Saved entries
#####
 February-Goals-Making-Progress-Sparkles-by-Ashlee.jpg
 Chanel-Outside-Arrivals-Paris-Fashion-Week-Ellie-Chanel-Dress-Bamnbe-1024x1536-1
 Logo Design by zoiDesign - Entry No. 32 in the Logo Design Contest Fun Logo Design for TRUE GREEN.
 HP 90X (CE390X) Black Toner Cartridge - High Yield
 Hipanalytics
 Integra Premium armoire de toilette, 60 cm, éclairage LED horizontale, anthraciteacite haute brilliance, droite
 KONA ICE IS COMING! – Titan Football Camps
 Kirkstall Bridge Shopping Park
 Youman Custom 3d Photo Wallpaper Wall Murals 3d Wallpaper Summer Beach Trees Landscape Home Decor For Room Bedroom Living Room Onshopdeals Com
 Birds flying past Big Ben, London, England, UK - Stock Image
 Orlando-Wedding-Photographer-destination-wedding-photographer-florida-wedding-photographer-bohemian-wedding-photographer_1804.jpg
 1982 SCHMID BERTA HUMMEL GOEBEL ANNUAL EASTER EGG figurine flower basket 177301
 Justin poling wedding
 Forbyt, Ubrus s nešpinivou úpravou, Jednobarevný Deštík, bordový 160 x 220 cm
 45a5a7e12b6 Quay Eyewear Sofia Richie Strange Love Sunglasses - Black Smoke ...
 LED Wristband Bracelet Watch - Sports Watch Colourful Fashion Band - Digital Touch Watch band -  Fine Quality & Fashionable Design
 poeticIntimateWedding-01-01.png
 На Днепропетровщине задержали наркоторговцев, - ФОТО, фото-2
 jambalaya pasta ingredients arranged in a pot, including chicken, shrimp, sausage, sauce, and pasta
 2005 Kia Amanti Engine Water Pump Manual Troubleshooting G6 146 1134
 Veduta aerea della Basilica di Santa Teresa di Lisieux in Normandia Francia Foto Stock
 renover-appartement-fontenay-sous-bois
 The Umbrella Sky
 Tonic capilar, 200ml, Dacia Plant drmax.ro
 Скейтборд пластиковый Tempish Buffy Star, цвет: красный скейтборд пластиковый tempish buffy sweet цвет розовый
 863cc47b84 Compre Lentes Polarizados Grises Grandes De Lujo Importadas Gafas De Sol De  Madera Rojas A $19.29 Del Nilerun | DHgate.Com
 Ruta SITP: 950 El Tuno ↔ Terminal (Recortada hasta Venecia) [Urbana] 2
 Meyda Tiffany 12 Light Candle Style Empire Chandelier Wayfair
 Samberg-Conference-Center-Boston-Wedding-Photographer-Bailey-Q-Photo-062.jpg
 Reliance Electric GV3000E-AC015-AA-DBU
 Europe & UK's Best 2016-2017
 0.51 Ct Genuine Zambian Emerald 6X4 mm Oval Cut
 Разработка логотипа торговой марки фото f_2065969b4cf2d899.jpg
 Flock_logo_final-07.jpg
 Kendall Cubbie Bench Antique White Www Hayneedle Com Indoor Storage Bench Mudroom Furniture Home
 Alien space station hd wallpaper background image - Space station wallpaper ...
#####
_WHAT IS EXPECTED_
Give back the whole of the data above, exactly as written.

_WRITTEN SOLUTION_
 February-Goals-Making-Progress-Sparkles-by-Ashlee.jpg
 Chanel-Outside-Arrivals-Paris-Fashion-Week-Ellie-Chanel-Dress-Bamnbe-1024x1536-1
 Logo Design by zoiDesign - Entry No. 32 in the Logo Design Contest Fun Logo Design for TRUE GREEN.
 HP 90X (CE390X) Black Toner Cartridge - High Yield
 Hipanalytics
 Integra Premium armoire de toilette, 60 cm, éclairage LED horizontale, anthraciteacite haute brilliance, droite
 KONA ICE IS COMING! – Titan Football Camps
 Kirkstall Bridge Shopping Park
 Youman Custom 3d Photo Wallpaper Wall Murals 3d Wallpaper Summer Beach Trees Landscape Home Decor For Room Bedroom Living Room Onshopdeals Com
 Birds flying past Big Ben, London, England, UK - Stock Image
 Orlando-Wedding-Photographer-destination-wedding-photographer-florida-wedding-photographer-bohemian-wedding-photographer_1804.jpg
 1982 SCHMID BERTA HUMMEL GOEBEL ANNUAL EASTER EGG figurine flower basket 177301
 Justin poling wedding
 Forbyt, Ubrus s nešpinivou úpravou, Jednobarevný Deštík, bordový 160 x 220 cm
 45a5a7e12b6 Quay Eyewear Sofia Richie Strange Love Sunglasses - Black Smoke ...
 LED Wristband Bracelet Watch - Sports Watch Colourful Fashion Band - Digital Touch Watch band -  Fine Quality & Fashionable Design
 poeticIntimateWedding-01-01.png
 На Днепропетровщине задержали наркоторговцев, - ФОТО, фото-2
 jambalaya pasta ingredients arranged in a pot, including chicken, shrimp, sausage, sauce, and pasta
 2005 Kia Amanti Engine Water Pump Manual Troubleshooting G6 146 1134
 Veduta aerea della Basilica di Santa Teresa di Lisieux in Normandia Francia Foto Stock
 renover-appartement-fontenay-sous-bois
 The Umbrella Sky
 Tonic capilar, 200ml, Dacia Plant drmax.ro
 Скейтборд пластиковый Tempish Buffy Star, цвет: красный скейтборд пластиковый tempish buffy sweet цвет розовый
 863cc47b84 Compre Lentes Polarizados Grises Grandes De Lujo Importadas Gafas De Sol De  Madera Rojas A $19.29 Del Nilerun | DHgate.Com
 Ruta SITP: 950 El Tuno ↔ Terminal (Recortada hasta Venecia) [Urbana] 2
 Meyda Tiffany 12 Light Candle Style Empire Chandelier Wayfair
 Samberg-Conference-Center-Boston-Wedding-Photographer-Bailey-Q-Photo-062.jpg
 Reliance Electric GV3000E-AC015-AA-DBU
 Europe & UK's Best 2016-2017
 0.51 Ct Genuine Zambian Emerald 6X4 mm Oval Cut
 Разработка логотипа торговой марки фото f_2065969b4cf2d899.jpg
 Flock_logo_final-07.jpg
 Kendall Cubbie Bench Antique White Www Hayneedle Com Indoor Storage Bench Mudroom Furniture Home
 Alien space station hd wallpaper background image - Space station wallpaper ...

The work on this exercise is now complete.